Sullivan, 526 U.S. 40, 49–50 (1999); Lugar v. Edmondson Oil Co., 457 U.S. 922, 929 (1982),
which is absent here. Although the divorce attorneys are “officers of the court,” they are
not state actors “under color of state law within the meaning of § 1983.” Polk Cnty. v.
Dodson, 454 U.S. 312, 318–19 (1981) (internal quotation marks omitted). Anderson
replies that private actors can be liable under § 1983 when they collaborate with state
officials, like Judge Kelley, who use “the badge of their authority” to deprive a plaintiff
of constitutional rights. See Wyatt v. Cole, 504 U.S. 158, 161 (1993). Judge Kelley is
immune from suit because his actions were judicial, see Mireles v. Waco, 502 U.S. 9, 10–12
(1991); Dawson v. Newman, 419 F.3d 656, 660–61 (7th Cir. 2005); Homola v. McNamara, 59
F.3d 647, 651 (7th Cir. 1995), but Anderson contends that the judge cloaked the other
defendants with state action. He is incorrect. In his complaint and briefs, Anderson
asserts only that Judge Kelley refused to grant a motion accusing the private defendants
of fraud. Adverse rulings do not equal wrongdoing. See Liteky v. United States, 510 U.S.

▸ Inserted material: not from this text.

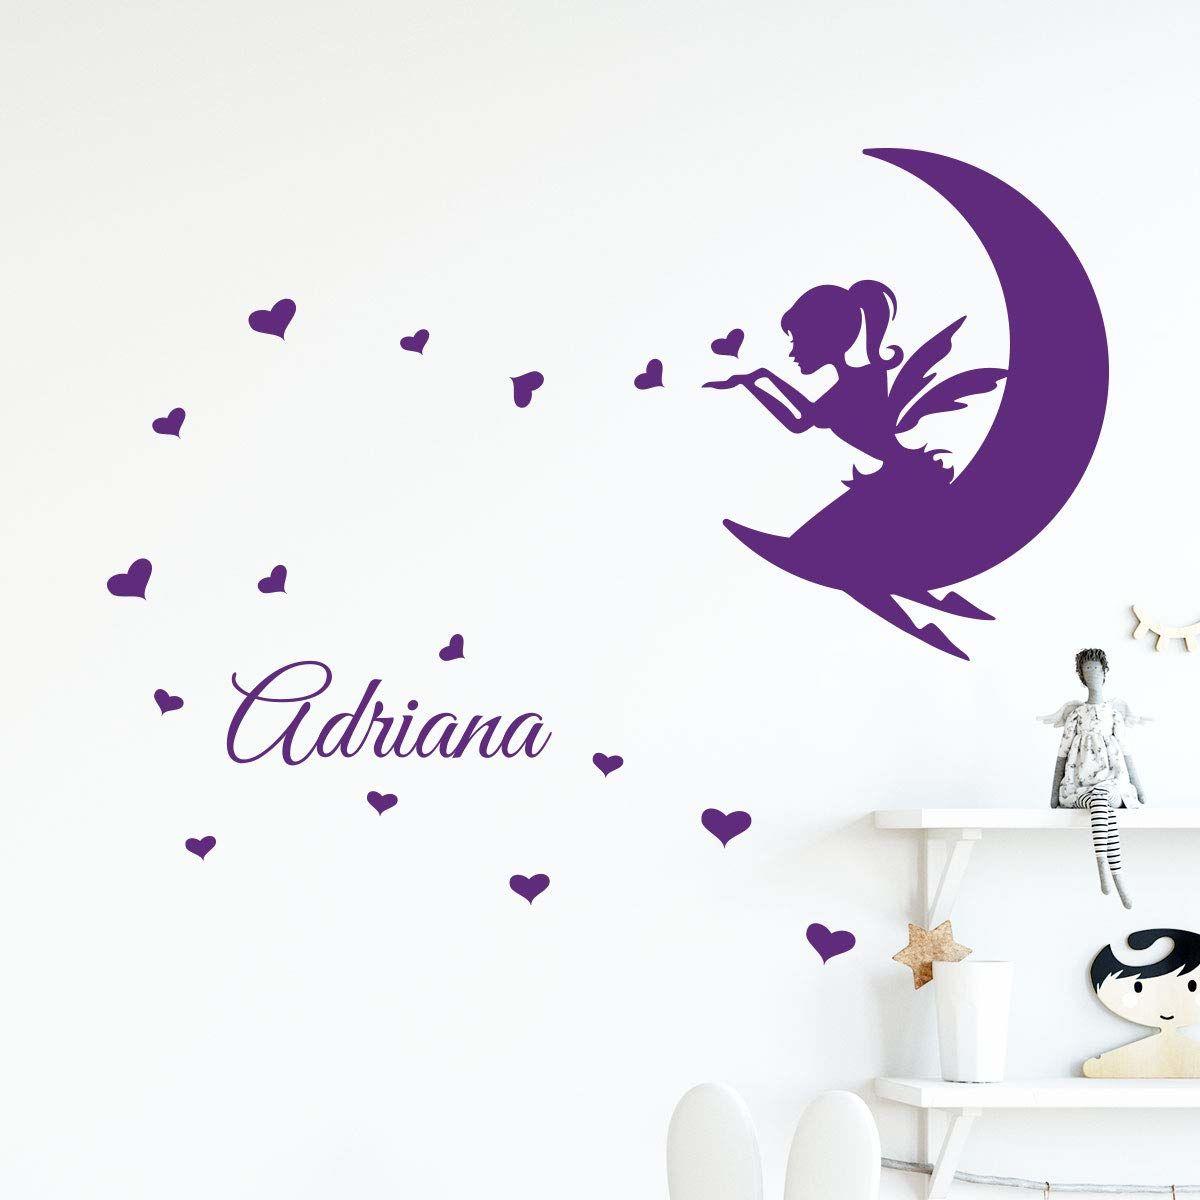 Spersonalizowane naklejki z imieniem tatuaż ścienny wróżka księżyc pokój dziecięcy 2 arkusze 30 x 20 cm i 60 x 25 cm liliowy

540, 555–56 (1994). Anderson infers from the absence of a favorable ruling that the judge
must have collaborated in a fraud scheme, but the inference is conclusory and violates
the particularity requirements of Federal Rule of Civil Procedure 9(b). See Borsellino v.
Goldman Sachs Grp., 477 F.3d 502, 507 (7th Cir. 2007). Thus, the § 1983 damages claims
against the private defendants fail for lack of state action.
Accordingly, the judgment dismissing this suit is AFFIRMED.